Immigration, Refugees, and Citizenship
Provincial Nominee Class
Centralized Intake Office
PO BOX 1450
Step 4. Become a Canadian Permanent Residence
If you are approved for permanent residence, you will receive:
- Confirmation of Permanent Residence (COPR)
- A permanent resident visa (if you’re from a country that requires a visa).
- Letter with important information about your COPR and other requirements.
- If you have already been in Canada, you have to make an appointment to IRCC office or border crossing entry to ensure your information is valid, and you are still eligible for permanent residence. Besides, you info your mail so that you can receive a permanent resident card (PR card).
- If you have not been to Canada yet, then when you arrive in Canada, you will meet an officer from the Canada Border Services Agency (CBSA). He or she will check your passport, your COPR, your information to make sure you are eligible to immigrate to Canada.

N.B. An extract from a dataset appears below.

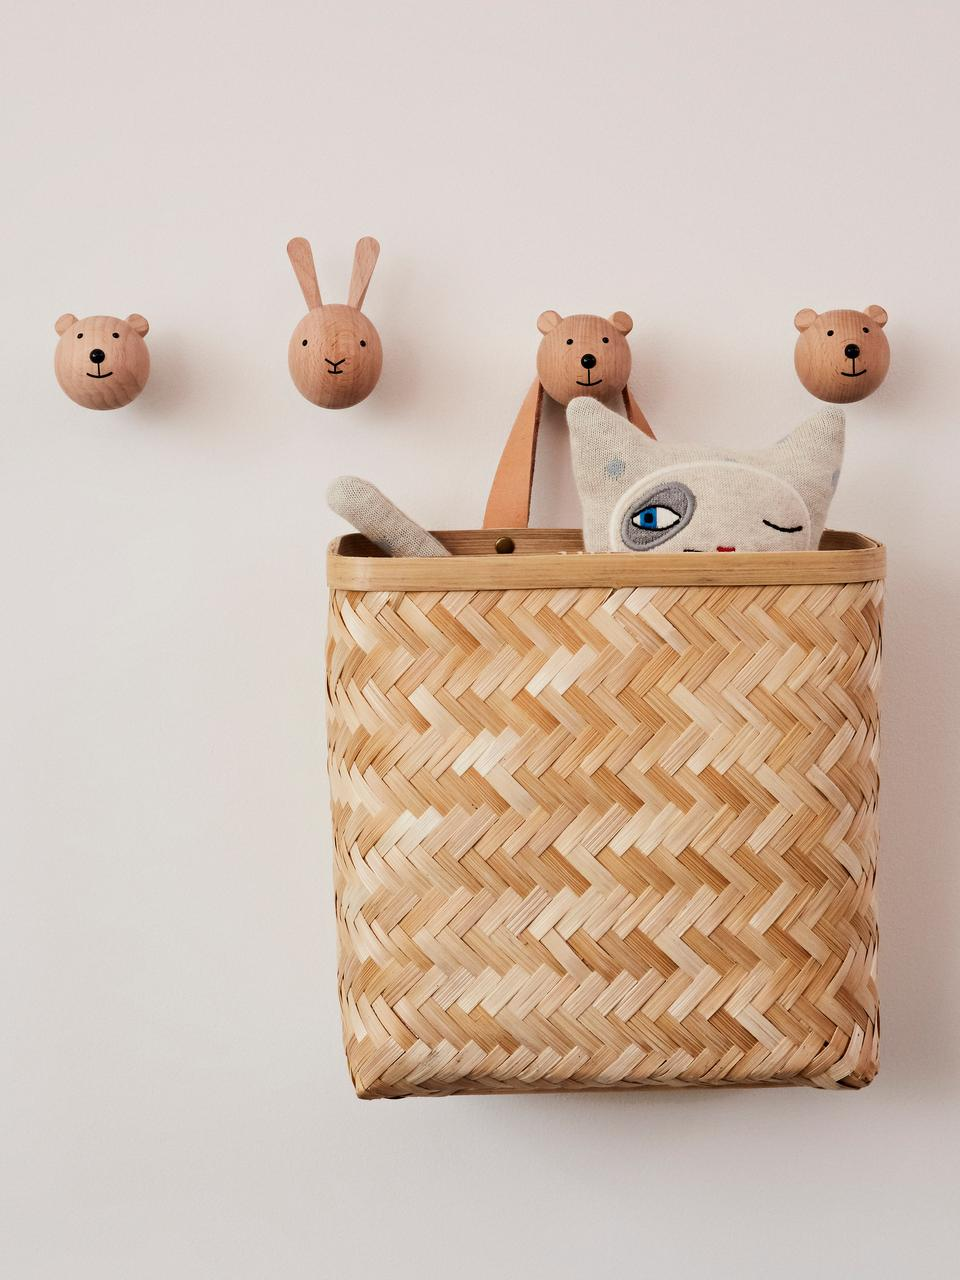 Wandhaken Bear aus Buchenholz, Buchenholz, Holz, Schwarz, 5 x 5 cm

Besides the amount you have to pay for the Permanent Residence process, you have to pay the additional fee for NLPNP to complete your nomination:
- Application for NLPNP, CAD$250.
- Your application with right of permanent residence fee (include spouse/partner or not): $CAD 1,040
- Your application without right of permanent residence fee (include spouse/partner or not): $CAD 550
- If you include dependent child: $CAS 150 per child
- Biometrics (if you have not done before): $CAD 85 per person, maximum $CAD 170 for family
- Medical checkups
- Language tests
- Police certificate
- Other fees
How long does it take?
The approval for the YNP application can process for a month. Processing for permanent residents can last up to 19 months including the time for biometrics to receive the outcome. In total, it takes a maximum of 20 months to complete the whole application. Besides, you can experience delays if:
- Your photocopies of the documents are unclear.
- Verification of your information and documents takes more time than expected.
- A medical condition that may need more tests or consultations.
- A criminal or security problem.
- Consultation is needed with other offices in Canada and abroad.